Are the Dr Leather Wipes still doing the rounds or do we have a new favourite on here ? 

thanks


----------



## Bustanut (Jun 11, 2011)

Dr leather wipes and spray are the nuts. Use the spray for deep cleans agitated with a soft brush and wipe down with a clean microfibre. Then use the wipes for your weekly maintenance wash.


----------



## VenomUK (Oct 13, 2011)

I think Dr Leather will be the leading favourite for a while yet mate.


----------



## F17BAD (Dec 12, 2010)

Sweet need to Oder some now then as I'm all out


----------



## F17BAD (Dec 12, 2010)

What is the new spray type dr leather stuff like compaired to the wipes ?


----------



## DJ X-Ray (Sep 2, 2012)

Auto Ultra Maintain,is my favourite.


----------



## DMH-01 (Mar 29, 2011)

Gliptone Leather Cleaner for me :thumb:


----------



## MortenDK (Apr 1, 2012)

I use insta finish leather cleaner, and dilute it about 2 times more than what it says on the bottle, so a gallon lasts forever and works amazingly, and still have the possibility to make it stronger for really really dirty stuff.
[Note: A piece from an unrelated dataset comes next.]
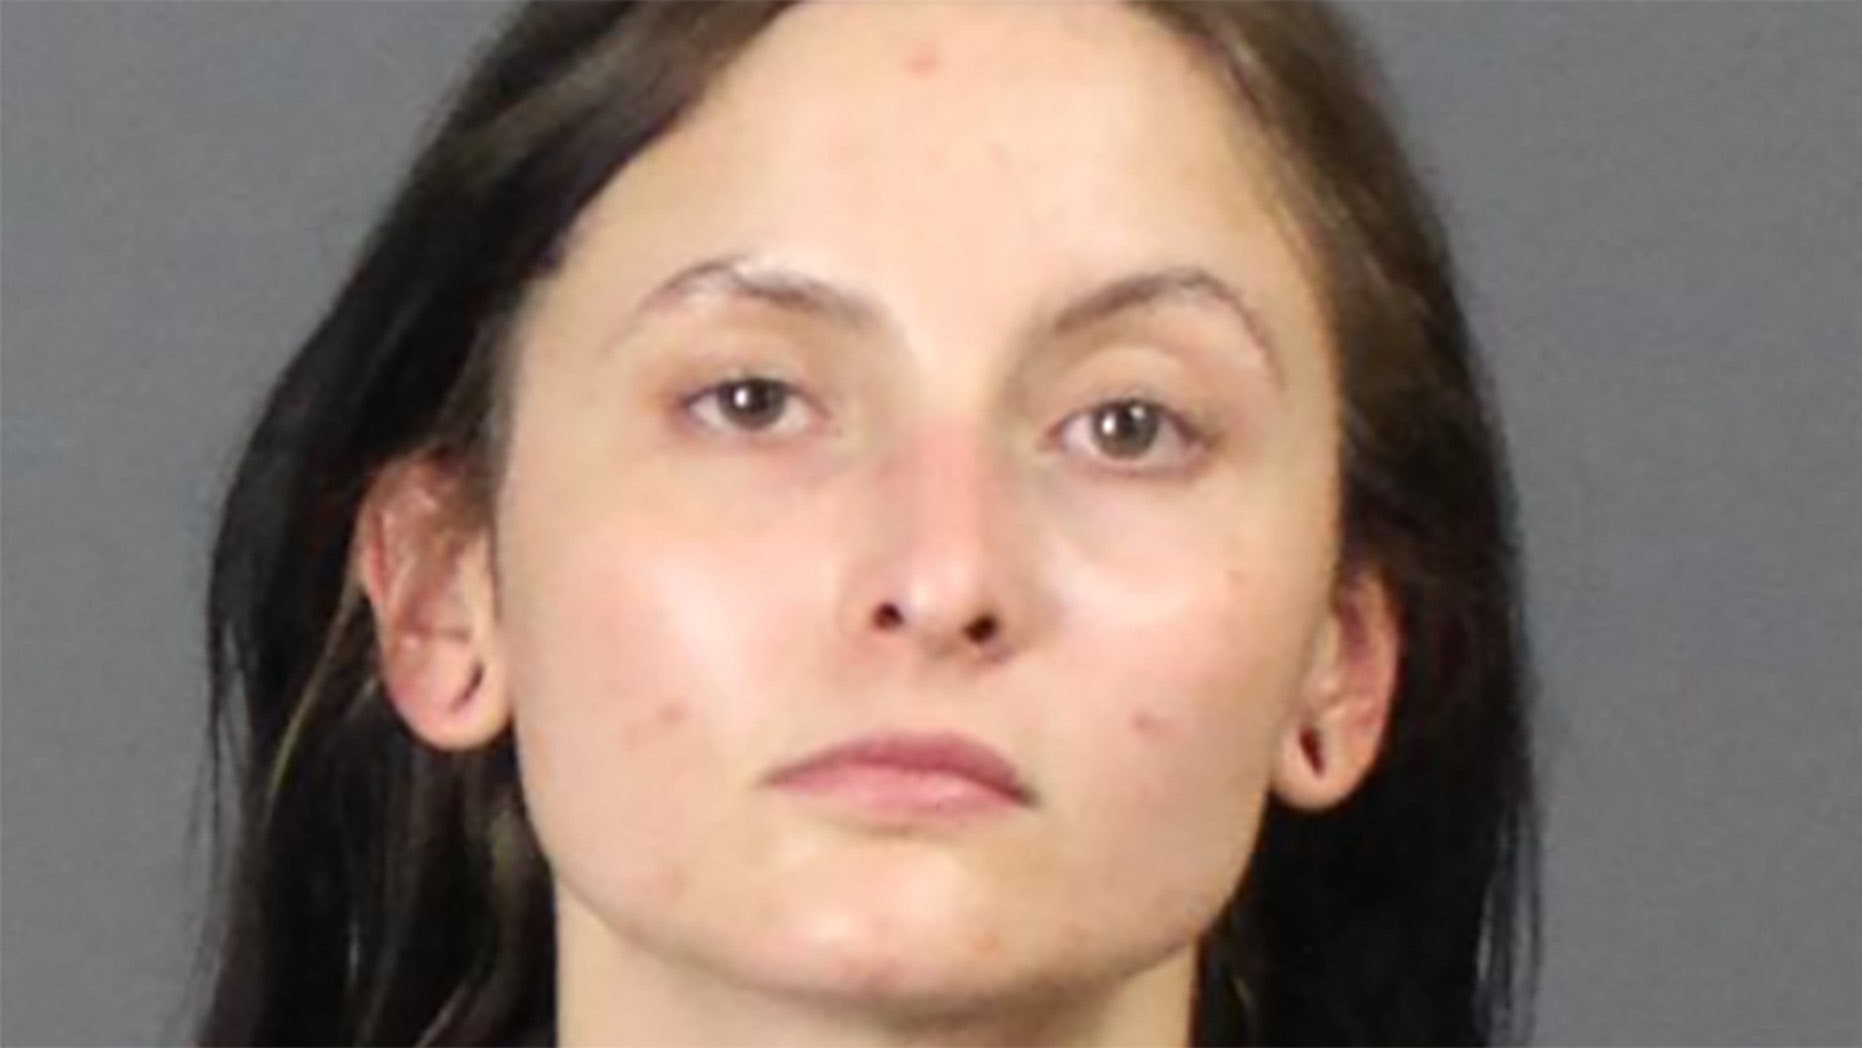 The Colorado woman who shot an alleged intruder is now facing charges

And use gliptone conditioner.


----------



## jake87 (Mar 10, 2013)

what kind of gear do people use to agitate the dr leather spray? i tried the raceglaze leather brush and the inside of the car looked like i had a fvcking alsatian sleeping in it


----------



## Dazz (Feb 8, 2013)

How does PB leather stuff rate??


----------



## Dazz (Feb 8, 2013)

Dazz said:


> How does PB leather stuff rate??


Anyone??


----------



## Demetrios72 (Jun 27, 2011)

Tough to beat the Dr Leather wipe / spray :thumb:


----------



## Dazz (Feb 8, 2013)

Demetri said:


> Tough to beat the Dr Leather wipe / spray :thumb:


I've read they don't smell to good do they?


----------



## Buddrow (Feb 20, 2012)

I use PB leather stuff at the moment and I find it very easy to apply, it gives a good finish
and smells quite nice. I prefer it to the Autobrite one which I also have. 
I would recommend it.


----------



## SystemClenz (Oct 31, 2008)

Buddrow said:


> I use PB leather stuff at the moment and I find it very easy to apply, it gives a good finish
> and smells quite nice. I prefer it to the Autobrite one which I also have.
> I would recommend it.


The smells no issue IMO, and I prefer the spray over the wipes but the wipes are handy for frequent cleans etc :thumb:


----------



## Edward101 (Jun 5, 2009)

LTT's auto leather kit I have found to be fantastic, really taken off the shine on some tired leather I have cleaned up


----------



## Dazz (Feb 8, 2013)

Buddrow said:


> I use PB leather stuff at the moment and I find it very easy to apply, it gives a good finish
> and smells quite nice. I prefer it to the Autobrite one which I also have.
> I would recommend it.


Thanks for that, I'm gonna go with the PB!!


----------



## Trip tdi (Sep 3, 2008)

Gliptone is the product for the leather, have used Gliptone for a long time and keeps the leather clean and supple.


----------